> **Problem to solve**:
Starting with the line that contains "Image de Alsace", reproduce each line through the end of the entries exactly as written.

(Dataset items)
=====

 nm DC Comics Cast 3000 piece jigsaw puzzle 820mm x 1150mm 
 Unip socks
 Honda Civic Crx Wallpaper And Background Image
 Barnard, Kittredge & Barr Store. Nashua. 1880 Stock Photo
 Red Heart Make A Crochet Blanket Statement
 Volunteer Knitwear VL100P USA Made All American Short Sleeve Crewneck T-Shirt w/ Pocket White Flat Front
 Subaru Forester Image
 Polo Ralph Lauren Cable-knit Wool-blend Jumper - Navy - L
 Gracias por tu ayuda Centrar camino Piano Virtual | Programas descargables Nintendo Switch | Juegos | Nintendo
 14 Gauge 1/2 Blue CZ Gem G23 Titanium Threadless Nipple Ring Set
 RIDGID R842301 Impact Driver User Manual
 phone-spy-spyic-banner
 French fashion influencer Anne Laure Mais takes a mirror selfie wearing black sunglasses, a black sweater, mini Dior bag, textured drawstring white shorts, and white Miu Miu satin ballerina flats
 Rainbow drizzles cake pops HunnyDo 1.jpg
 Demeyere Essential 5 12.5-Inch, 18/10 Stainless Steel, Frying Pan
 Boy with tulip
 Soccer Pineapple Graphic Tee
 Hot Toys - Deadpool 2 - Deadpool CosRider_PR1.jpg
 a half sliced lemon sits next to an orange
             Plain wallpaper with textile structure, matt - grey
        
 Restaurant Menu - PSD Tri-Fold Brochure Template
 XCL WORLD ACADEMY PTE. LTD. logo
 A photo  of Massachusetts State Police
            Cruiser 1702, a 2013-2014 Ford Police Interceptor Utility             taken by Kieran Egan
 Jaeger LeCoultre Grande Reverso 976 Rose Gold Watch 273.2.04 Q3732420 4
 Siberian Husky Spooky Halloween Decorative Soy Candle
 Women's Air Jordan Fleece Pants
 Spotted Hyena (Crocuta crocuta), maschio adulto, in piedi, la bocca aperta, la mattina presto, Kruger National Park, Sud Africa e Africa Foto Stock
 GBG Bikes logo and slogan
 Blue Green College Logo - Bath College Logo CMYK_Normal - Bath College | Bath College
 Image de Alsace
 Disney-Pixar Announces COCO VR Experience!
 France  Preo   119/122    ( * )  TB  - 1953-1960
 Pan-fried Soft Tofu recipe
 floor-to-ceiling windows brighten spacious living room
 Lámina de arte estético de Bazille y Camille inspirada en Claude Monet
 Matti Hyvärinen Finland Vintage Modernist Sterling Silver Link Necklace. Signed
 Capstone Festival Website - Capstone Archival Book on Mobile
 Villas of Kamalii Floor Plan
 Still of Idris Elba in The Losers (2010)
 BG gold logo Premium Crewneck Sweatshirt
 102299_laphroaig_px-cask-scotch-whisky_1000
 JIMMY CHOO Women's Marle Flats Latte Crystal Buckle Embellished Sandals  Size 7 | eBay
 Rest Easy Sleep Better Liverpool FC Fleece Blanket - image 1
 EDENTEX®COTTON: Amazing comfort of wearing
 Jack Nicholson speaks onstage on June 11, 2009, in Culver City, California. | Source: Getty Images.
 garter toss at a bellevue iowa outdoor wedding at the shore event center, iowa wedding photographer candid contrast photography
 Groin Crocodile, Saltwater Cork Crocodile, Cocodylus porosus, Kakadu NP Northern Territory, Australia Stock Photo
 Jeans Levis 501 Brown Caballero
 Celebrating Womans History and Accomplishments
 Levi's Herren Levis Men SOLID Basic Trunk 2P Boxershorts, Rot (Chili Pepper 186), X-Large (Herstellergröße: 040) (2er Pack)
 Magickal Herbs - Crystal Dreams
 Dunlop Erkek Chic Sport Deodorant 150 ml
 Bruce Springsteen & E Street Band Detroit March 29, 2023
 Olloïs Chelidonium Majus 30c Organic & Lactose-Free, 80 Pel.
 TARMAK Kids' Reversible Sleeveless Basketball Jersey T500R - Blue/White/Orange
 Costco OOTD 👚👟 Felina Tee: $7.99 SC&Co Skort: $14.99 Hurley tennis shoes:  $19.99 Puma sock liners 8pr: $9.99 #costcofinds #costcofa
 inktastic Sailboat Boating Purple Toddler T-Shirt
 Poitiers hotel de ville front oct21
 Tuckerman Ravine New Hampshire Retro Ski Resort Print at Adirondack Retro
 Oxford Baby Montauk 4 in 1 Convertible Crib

=====

> **Worked solution**:
 Image de Alsace
 Disney-Pixar Announces COCO VR Experience!
 France  Preo   119/122    ( * )  TB  - 1953-1960
 Pan-fried Soft Tofu recipe
 floor-to-ceiling windows brighten spacious living room
 Lámina de arte estético de Bazille y Camille inspirada en Claude Monet
 Matti Hyvärinen Finland Vintage Modernist Sterling Silver Link Necklace. Signed
 Capstone Festival Website - Capstone Archival Book on Mobile
 Villas of Kamalii Floor Plan
 Still of Idris Elba in The Losers (2010)
 BG gold logo Premium Crewneck Sweatshirt
 102299_laphroaig_px-cask-scotch-whisky_1000
 JIMMY CHOO Women's Marle Flats Latte Crystal Buckle Embellished Sandals  Size 7 | eBay
 Rest Easy Sleep Better Liverpool FC Fleece Blanket - image 1
 EDENTEX®COTTON: Amazing comfort of wearing
 Jack Nicholson speaks onstage on June 11, 2009, in Culver City, California. | Source: Getty Images.
 garter toss at a bellevue iowa outdoor wedding at the shore event center, iowa wedding photographer candid contrast photography
 Groin Crocodile, Saltwater Cork Crocodile, Cocodylus porosus, Kakadu NP Northern Territory, Australia Stock Photo
 Jeans Levis 501 Brown Caballero
 Celebrating Womans History and Accomplishments
 Levi's Herren Levis Men SOLID Basic Trunk 2P Boxershorts, Rot (Chili Pepper 186), X-Large (Herstellergröße: 040) (2er Pack)
 Magickal Herbs - Crystal Dreams
 Dunlop Erkek Chic Sport Deodorant 150 ml
 Bruce Springsteen & E Street Band Detroit March 29, 2023
 Olloïs Chelidonium Majus 30c Organic & Lactose-Free, 80 Pel.
 TARMAK Kids' Reversible Sleeveless Basketball Jersey T500R - Blue/White/Orange
 Costco OOTD 👚👟 Felina Tee: $7.99 SC&Co Skort: $14.99 Hurley tennis shoes:  $19.99 Puma sock liners 8pr: $9.99 #costcofinds #costcofa
 inktastic Sailboat Boating Purple Toddler T-Shirt
 Poitiers hotel de ville front oct21
 Tuckerman Ravine New Hampshire Retro Ski Resort Print at Adirondack Retro
 Oxford Baby Montauk 4 in 1 Convertible Crib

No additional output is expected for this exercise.